Oil Minister of Iraq
- In office May 2005 – December 2005
- Preceded by: Ahmed Chalabi
- Succeeded by: Ahmed Chalabi

Personal details
- Born: 1954 (age 71–72) Najaf, Iraq
- Party: Independent
- Relations: Mohammad Bahr al-Uloom (father) Razi Shirazi (maternal uncle)

= Ibrahim Bahr al-Uloom =

Iraqi politician (born 1954)

Sayyid Dr. Muhammad-Ibrahim Bahr al-Uloom (محمد ابراهيم بحر العلوم; born 1954) is an Iraqi politician, academician, and petroleum expert. He has served twice as the Iraqi Minister of Oil. He first took the ministerial role as part of the cabinet appointed by the Interim Iraq Governing Council in September 2003 until June 2004. Bahr al-Uloom went on to serve a second term as the minister in 2005 where he then submitted his resignation in protest against a governmental decision to increase the price of oil products five-fold.

== Early life and education ==
Bahr al-Uloom was born in 1954 in Najaf to Mohammad Bahr al-Uloom. From both sides, he hails from prominent scholarly families. From his paternal side he is from the Bahr al-Uloom family. From his mother's side, he hails from the Shirazi family. He claims agnatic descent from Muhammad's daughter Fatimah and her husband, Ali, the first Shia Imam.

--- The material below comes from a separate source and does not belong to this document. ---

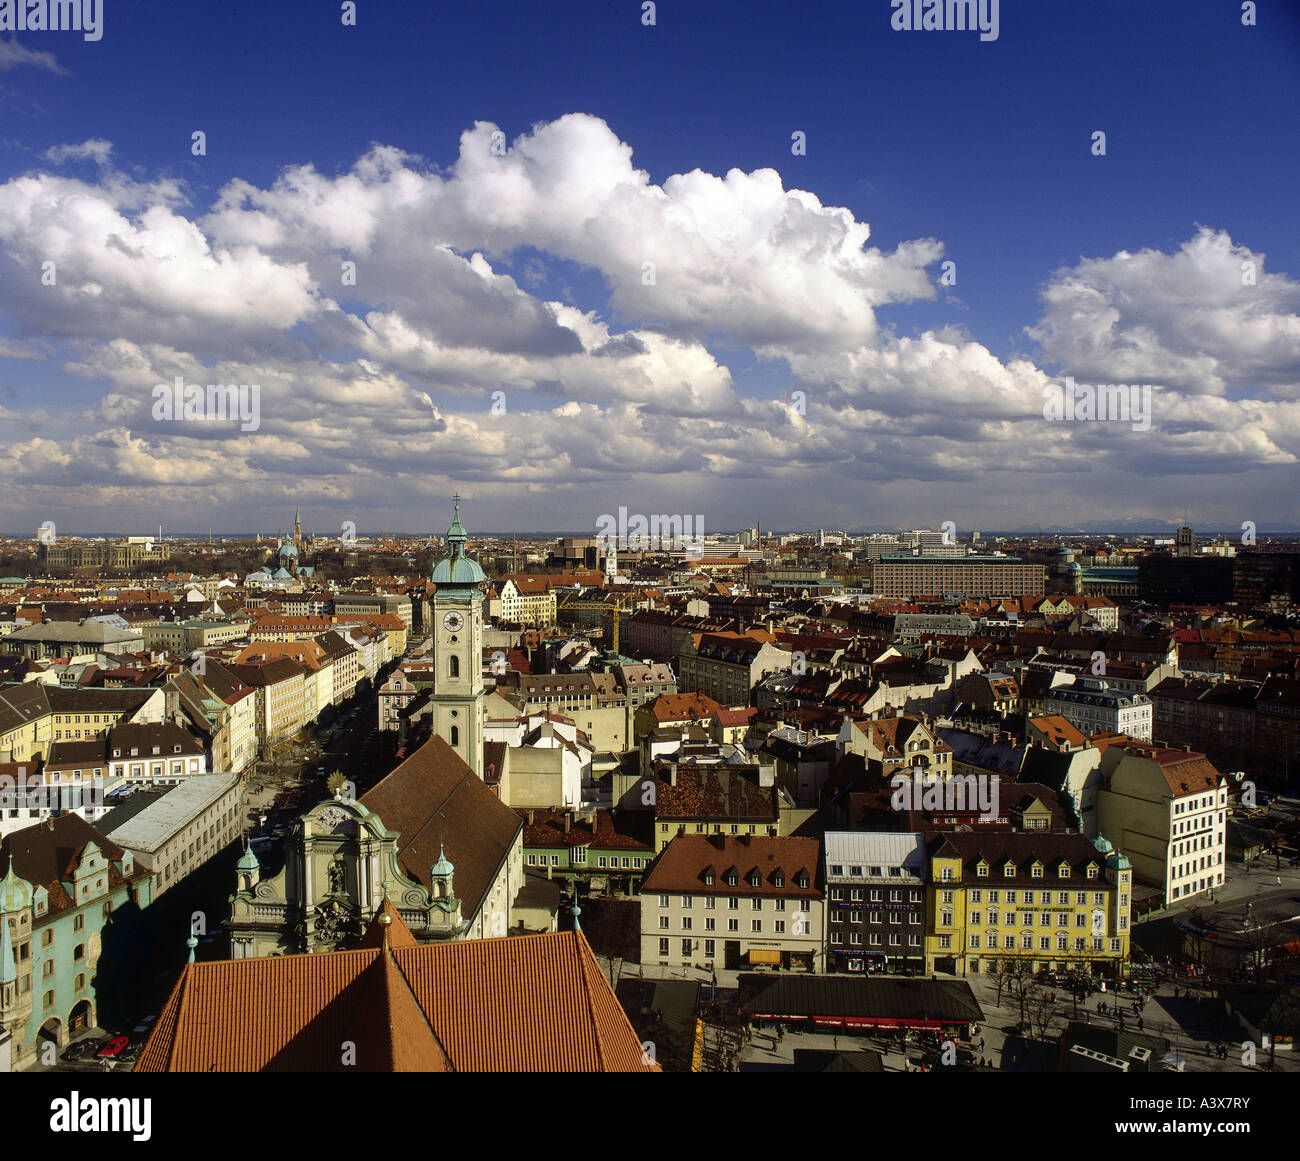 Geographie/Reise, Deutschland, Bayern, München, Stadtansicht, Stadtbild, Kirche "Alter Peter", Stockfoto
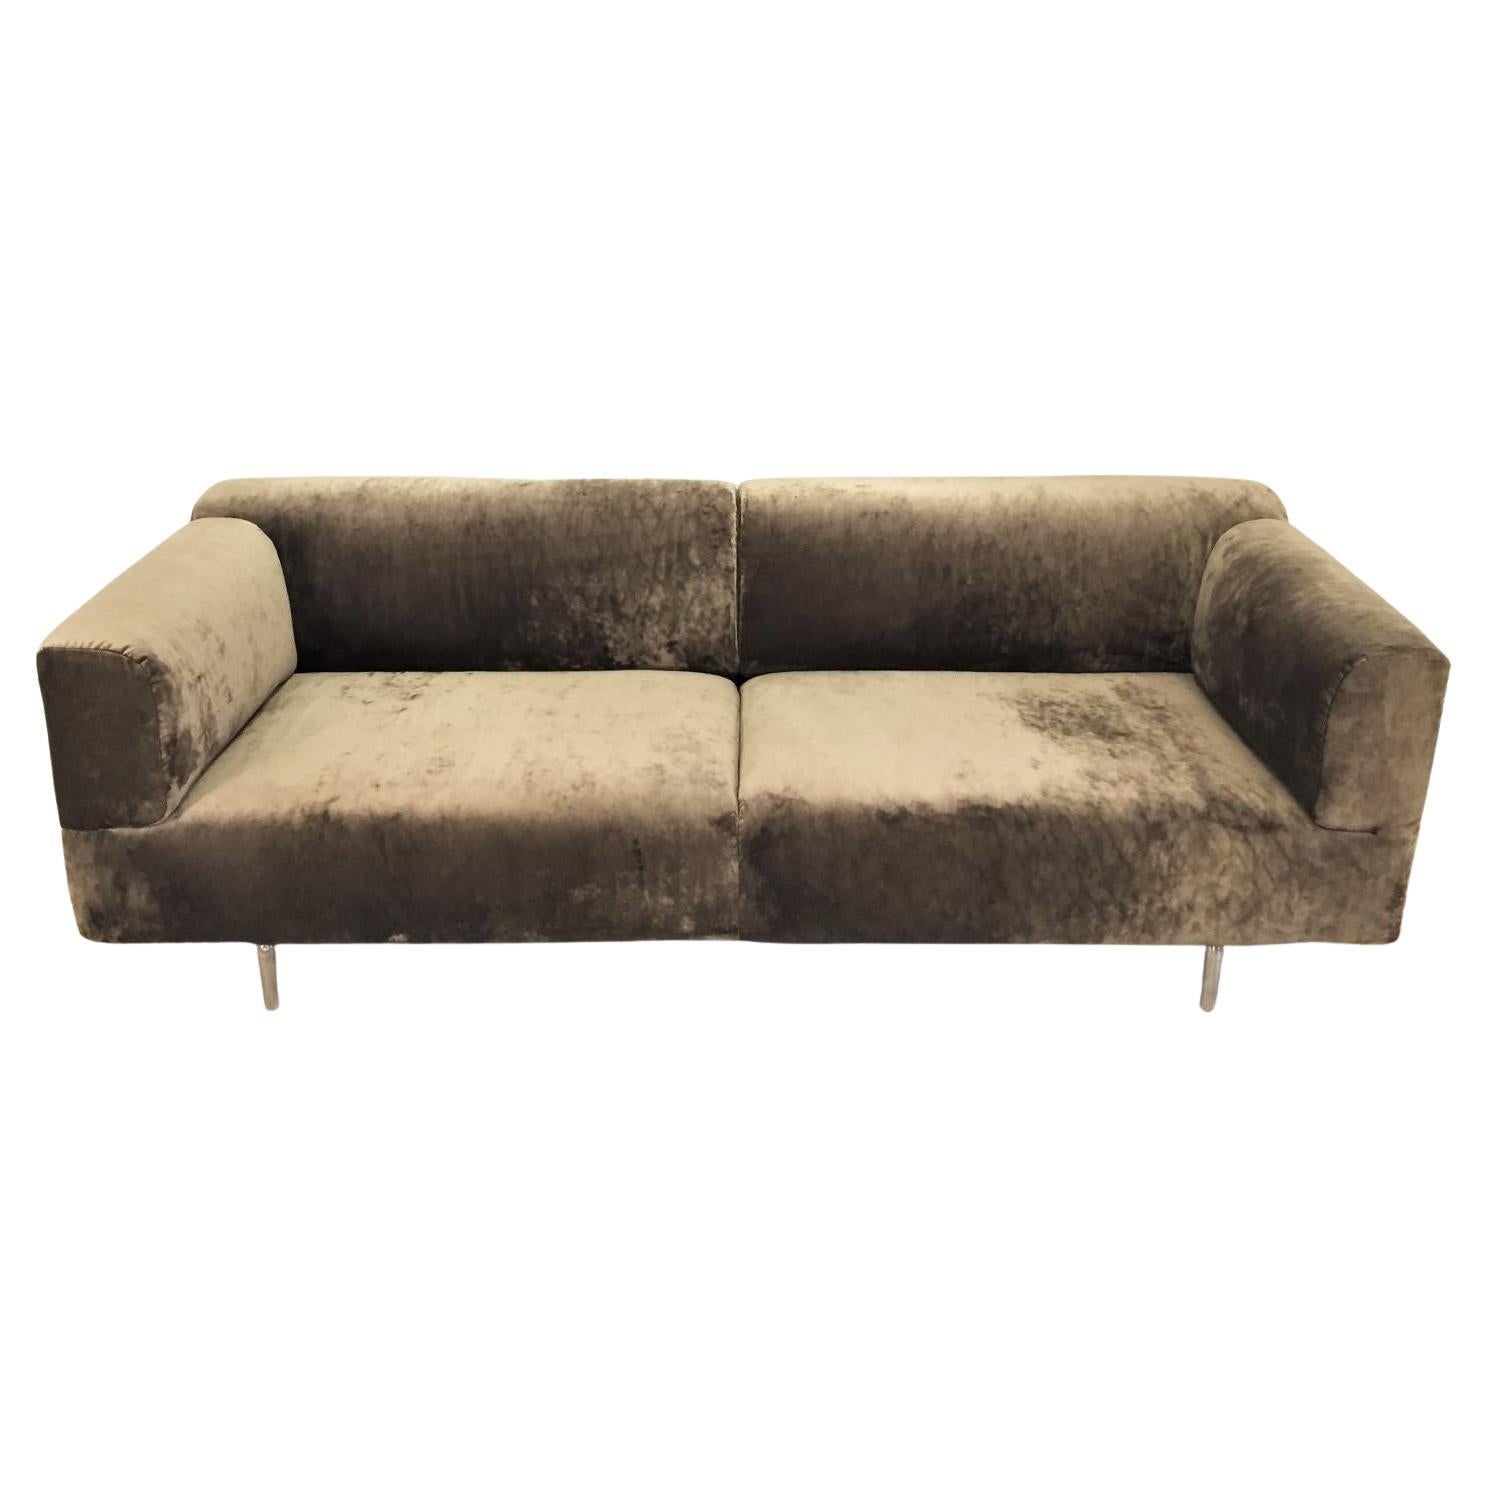 MET-Sofa, entworfen von Piero Lissoni für Cassina

Bahraluloom was educated in the United States, earning a Ph.D. in Petroleum Engineering from the New Mexico Tech. He previously worked for the Kuwaiti Oil Ministry after graduating from the University of Baghdad in BSc Petroleum Engineering. He worked for the Petroleum Recovery Research Center in New Mexico, and later as an oil and gas consultant in London, United Kingdom.

== Political career ==

Bahraluloom ran for parliament by forming his own independent political group, the Future Iraq Grouping. He was elected as a member of the National Iraqi Assembly in 2005, and was elected for another term as a member of parliament from 2014 - 2018. He was a member of the Oil & Energy Parliamentary committee where he headed the committee in forming the legislation for the Iraqi National Oil Company Law. The law was passed in March 2018.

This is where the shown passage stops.